Les choses n'ont pas tellement changé aujourd'hui. Si ce n'est qu'Harry est mort.
Avec un soupir, je gravis les dernières marches et contemple le paysage magnifique en contrebas. Je n'avais jamais vraiment prêté attention à la vue jusqu'à présent. Mais je suppose que lorsque l'on s'apprête à quitter quelque chose pour la dernière fois, on veut en accrocher chaque détail... A quoi cela me servira-t-il ? Je ne veux rien emporter de cette vie avec moi. A part Harry...
Des larmes familières perlent à mes yeux. Pleurer, c'est donc tout ce à quoi je suis bonne. Pleurer Cédric, pleurer Harry. Pleurer un homme qui ne m'aimait plus, et ne m'aurait sans doute jamais aimée davantage s'il était resté en vie. Pleurer sur tous ces futurs possibles qui ont disparu, et qui ne pourront jamais renaître. Il n'y aura pas de futur pour Cho Chang.

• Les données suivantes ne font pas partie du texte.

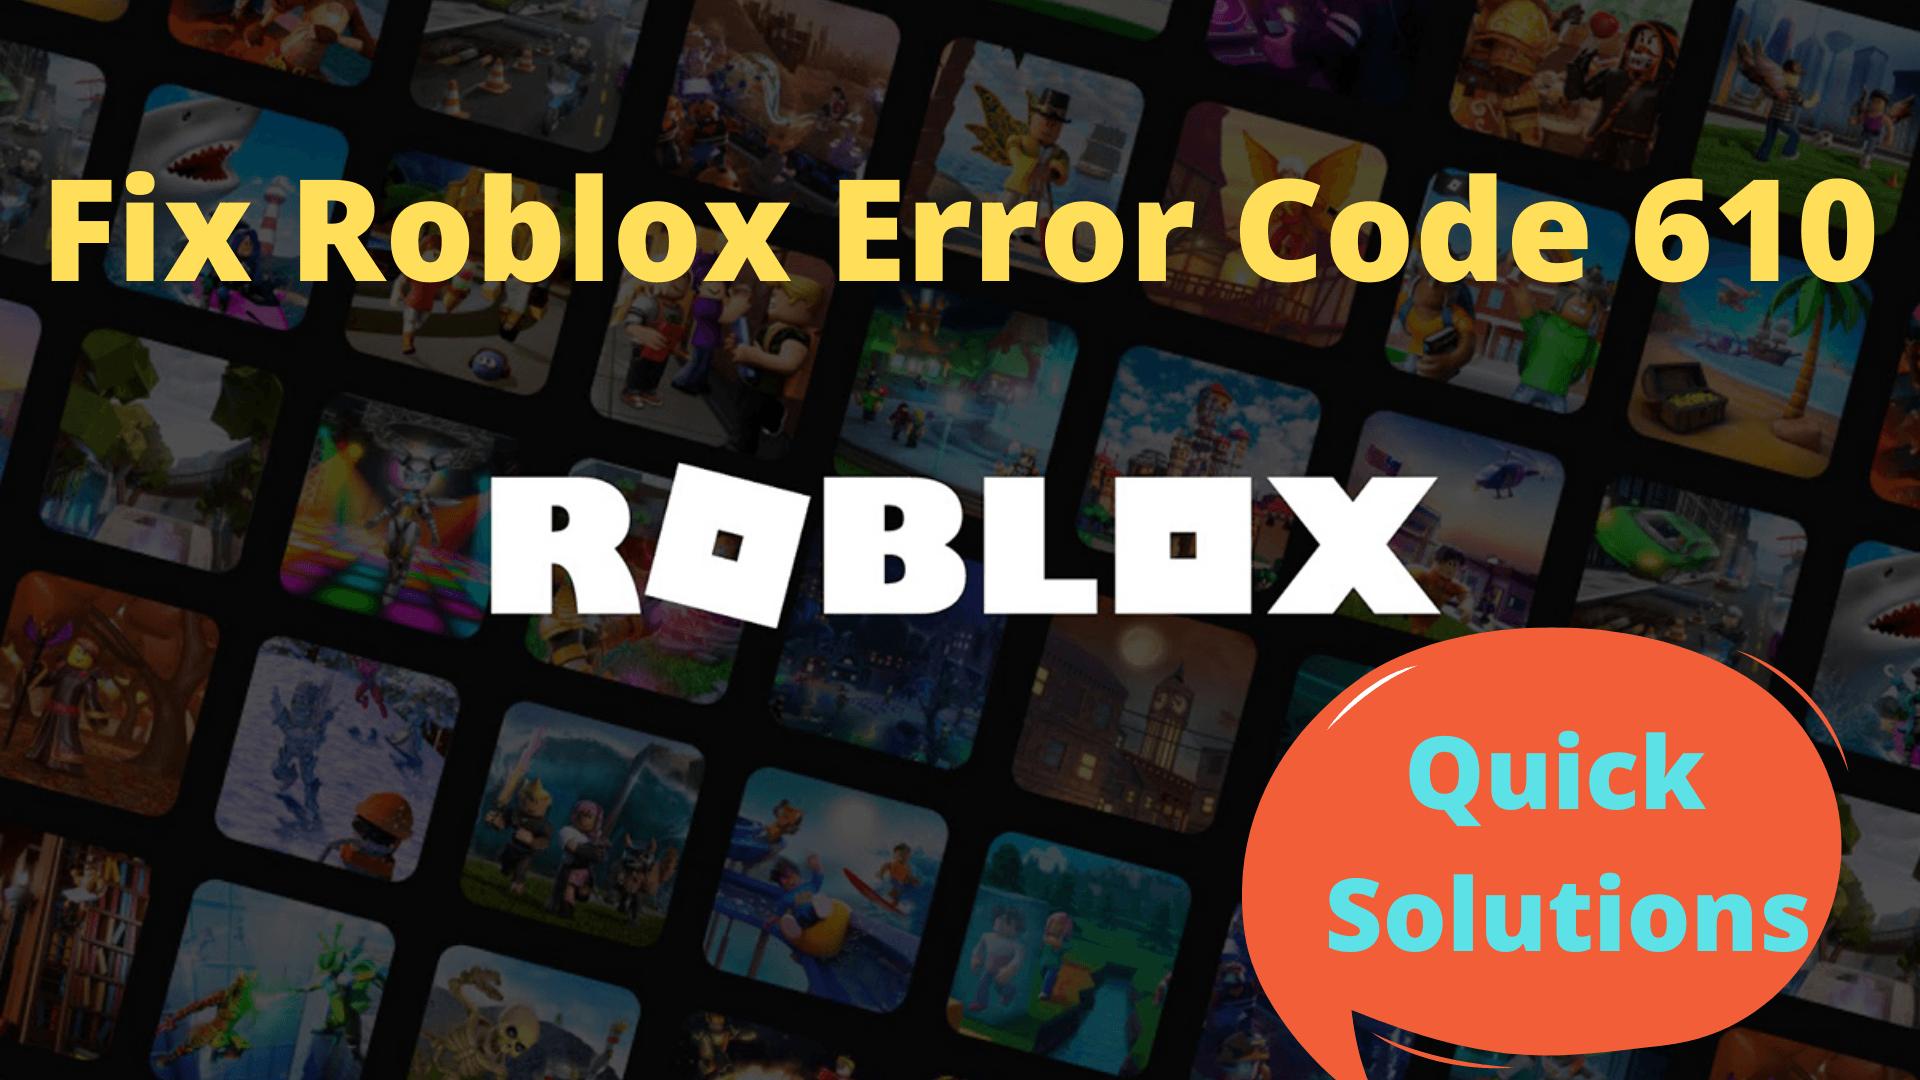 Error Code 610 Roblox Meaning

Laissant libre cours à mes larmes, j'enjambe le petit muret de la tour d'astronomie et laisse mes jambes pendre dans le vide. Il y a quelque chose d'hypnotisant dans cet abyme qui m'aspire. Quelque chose de terrifiant, également. Je n'ose pas imaginer dans quel état je serai si jamais je saute en bas du château, là, sur ces rochers épars qui flanquent les contreforts des murailles. Moi qui ai toujours eu la réputation d'être une beauté à Poudlard, quelle triste conclusion... Mais je ne vois pas de meilleur moyen de mettre fin à mes jours. Le poison est douloureux, et inaccessible depuis que les Mangemorts ont la mainmise sur le château. J'ai déjà trop souffert dans mon âme pour supporter de souffrir à nouveau dans ma chair. Hors de question de m'ouvrir les veines, de me pendre. Que reste-t-il alors ? Provoquer l'un de ces imbéciles de Mangemorts pour qu'il me tue ? Voldemort lui-même ? Non, certainement pas. Ils me gardent ici parce que j'étais une proche de l'Elue, ce qui fait de moi un otage précieux. Ils ne me tueront pas. Et même s'ils le faisaient, je ne veux pas mourir aux mains d'un monstre ennemi. J'aurais dû mourir de ta main, Harry. Entourée de tes bras, de ton amour, un dernier baiser sur mes lèvres et un regard aimant pour me contempler...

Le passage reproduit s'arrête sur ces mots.